Покинутые, или Безумцы — страница 2 из 45

Я прошел к заведению и попытался попасть внутрь. Но усач в па-коле и жилетке поверх длиннополой синей рубашки скрестил руки и сказал по-английски, что закрыто, закрыто. Это было странно. Внутри сидели люди, пили чай, до вечера было далеко… Мы смотрели друг другу в глаза пару мгновений, я отвернулся и пошел своей дорогой. Черт его знает… Хозяин — барин.

Спустившись с Монмартра, я завернул в кафе, сидел перед фарфоровым кувшинчиком, прихлебывал крепкий горький кофе, думал, ну, не написано же у меня на лбу… «Афганские рассказы». Выход этой книжки и привел меня сюда, то есть в этот город. И в чайхану. Но попробовать афганского чая так и не удалось. А жаль, это сюжет для рассказа… Не вернуться ли туда на другой день? Но утром я вспомнил взгляд этого человека и мне расхотелось возвращаться. А в рассказе герой должен был вернуться. Ну, что ж, его дело. Я отправился искать музей Пабло Пикассо.


После чтения «Имен» Флоренского

Любопытный сон: в соборе идет какой-то человек, из-за колонны вдруг появляется его двойник, но старый; человек оглянулся — двойник исчез, потом снова появился, и человек обнял его, двойник лучисто улыбался, это были отец умерший и сын живой. Но здесь они оба были живы.

Чувство сиротства

Чувство сиротства первично, говорит Октавио Пас, младенец, появившись на свет, не знает ни отца, ни матери.
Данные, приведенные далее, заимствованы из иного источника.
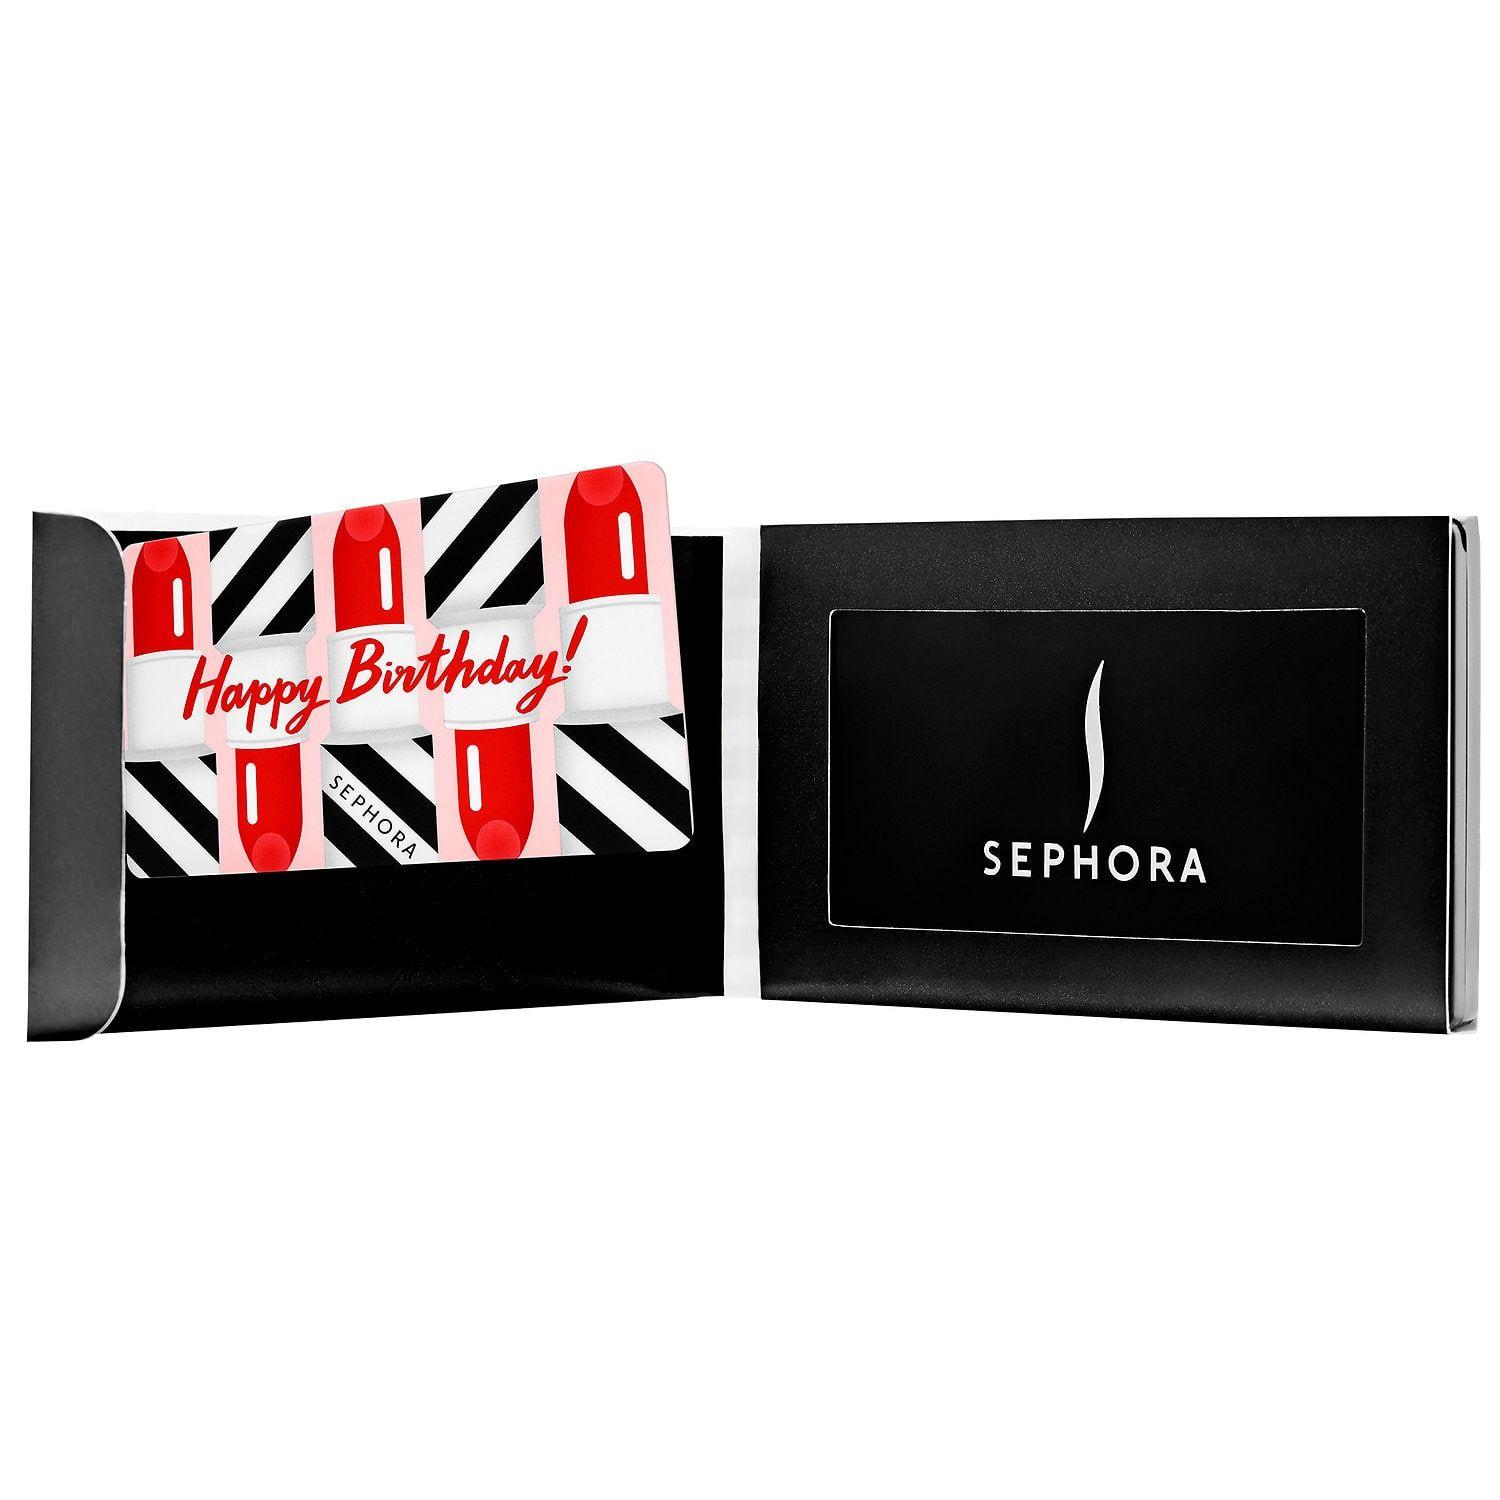 Sephora Logo - Happy Birthday Gift Card

А ведь этот миг, если верить современным психологам, тому же Ст. Грофу, один из важнейших, определяющих. Вот, где истоки экзистенциализма.


Негосударство

Точно установлено: заговори в любой компании об анархизме — тут же все встряхнутся, оживут, заспорят, загалдят. Это красная тряпка, удар грома средь ясного неба, «хэ!» дзен-буддизма. Действует пробуждающе. В этом, может, и сокрыт главный смысл анархизма.
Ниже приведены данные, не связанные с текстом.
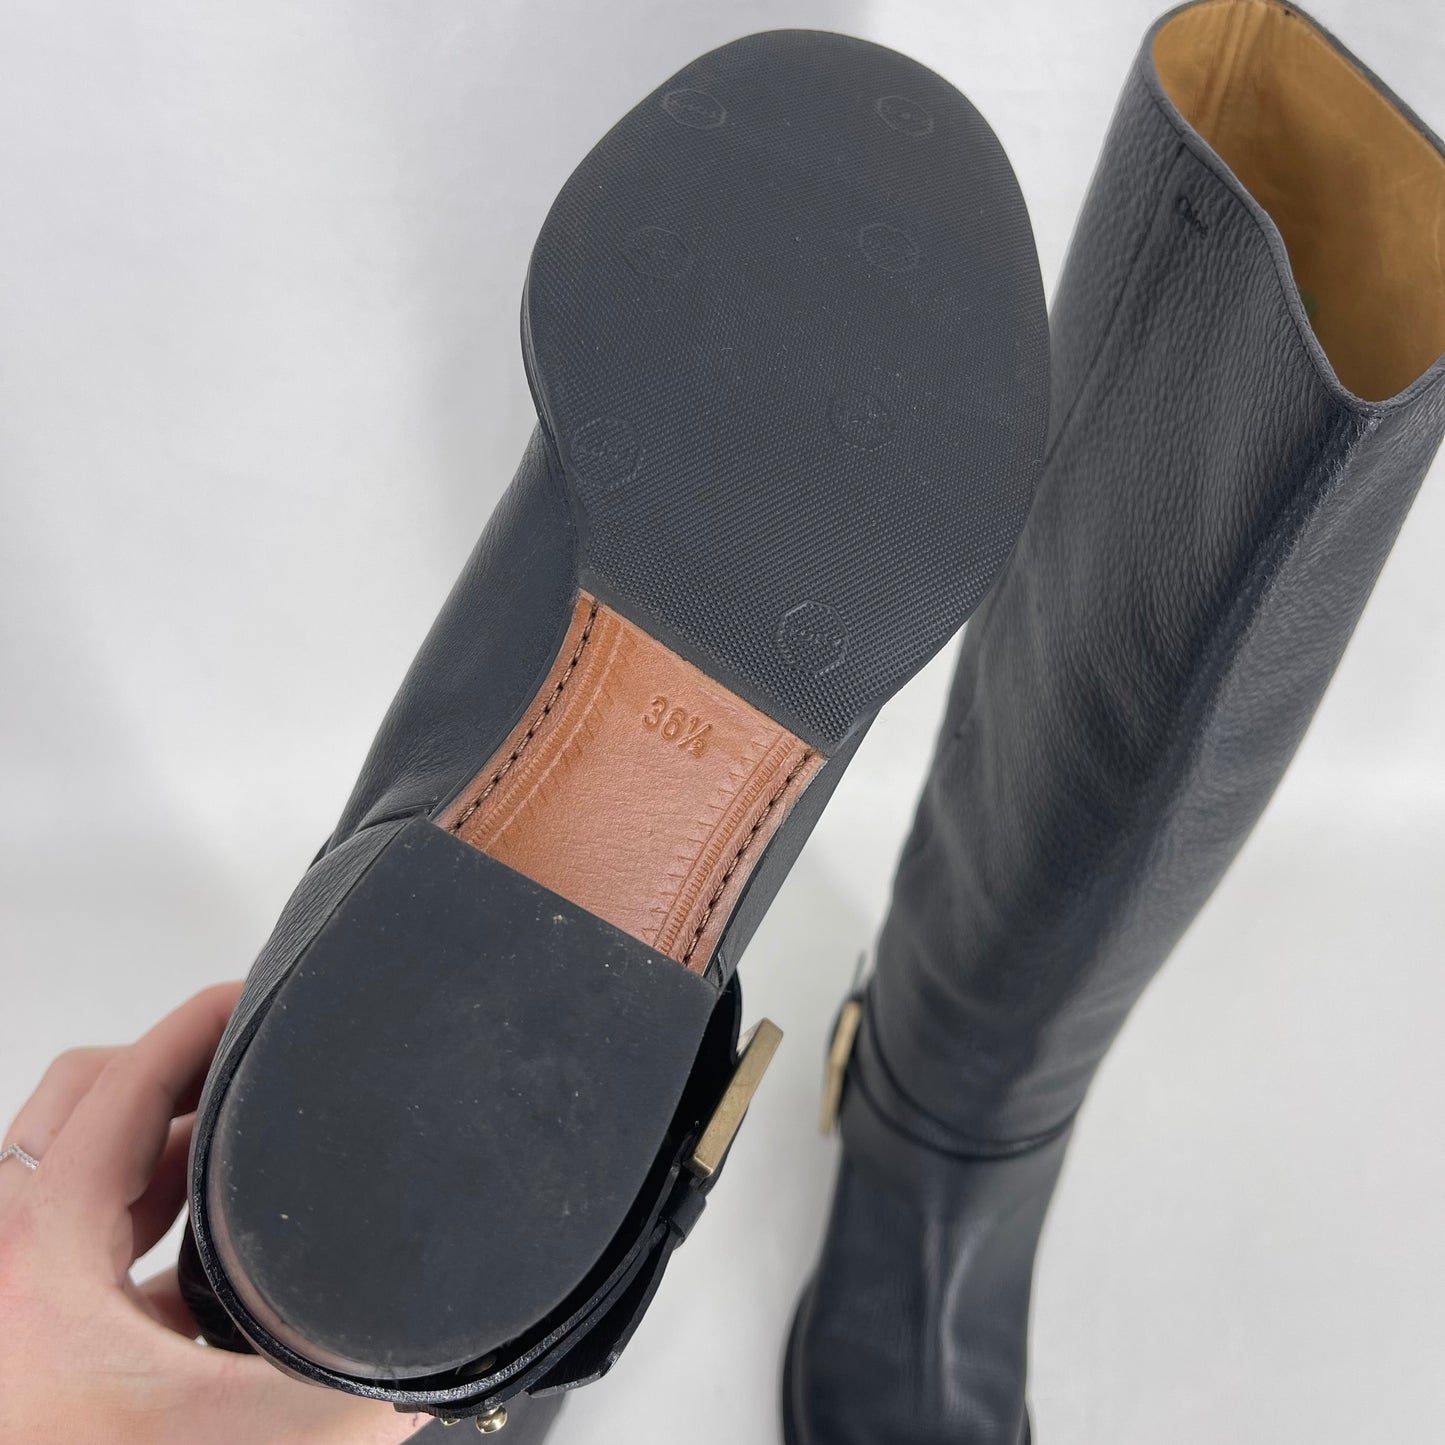 Authentic Chloe BlCk Buckle Leather Boots Sz 36.5

Но еще тут проблема этимологическая. «Безначалие, безвластие». А ведь анархизм — учение, в этом безвластии есть свод правил — анархических принципов. Лучше бы назвать это учение по-другому, например, аэтатизм. Язык сломаешь. В общем — негосударство.

Счастье, свобода

У Юнга: тождество субъекта и объекта уничтожает всякую возможность познания; человек лишен свободы; это состояние характерно для примитивного человека.

Есть о чем подумать.

Был ли первобытный дикарь свободен? Руссоисты считают: да. Но ведь ощущение свободы возникает часто из-за несовпадения с объектом — с целым миром, жизнью, обществом, когда ты вдруг остро переживаешь независимость, отделенность, одинокость «я». Выскочить из беличьего колеса, перестать быть захваченным жизнью.
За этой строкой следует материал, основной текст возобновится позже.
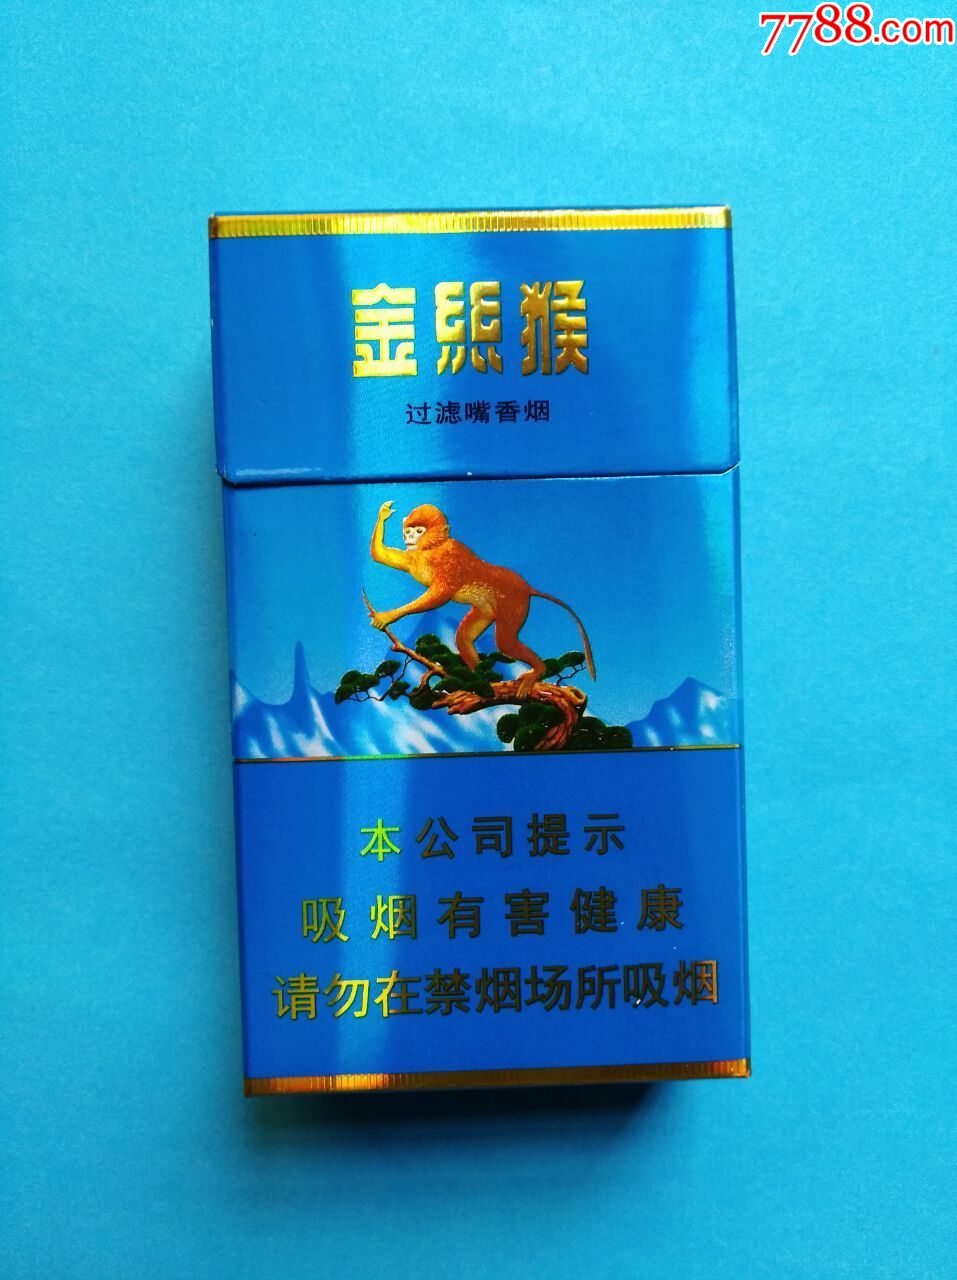 金丝猴软盒香烟图片

Ощущение свободы появляется и при совпадении с объектом: с людьми, природой. Растворение. Или это ощущение — счастье, но не свобода? Можно ли поставить знак равенства между счастьем и свободой? На нижних ступенях — вряд ли. Скорее всего, быть счастливым не значит быть свободным.

Так дикарь был просто счастлив, но не свободен?

Ну а мы — не счастливы и не свободны.


Краски и звуки индейского лета

Но что такое парижская осень? И даже зима? Это бабье лето. У них, кстати, эта пора называется индейским летом. У Моррисона есть песенка с таким названием. Он умер в Париже от передоза. На его могилу мне пришлось идти, выполнять наказ племянниц и дочки.

Кладбище Моррисона я отыскал быстрее, чем кладбище Дебюсси.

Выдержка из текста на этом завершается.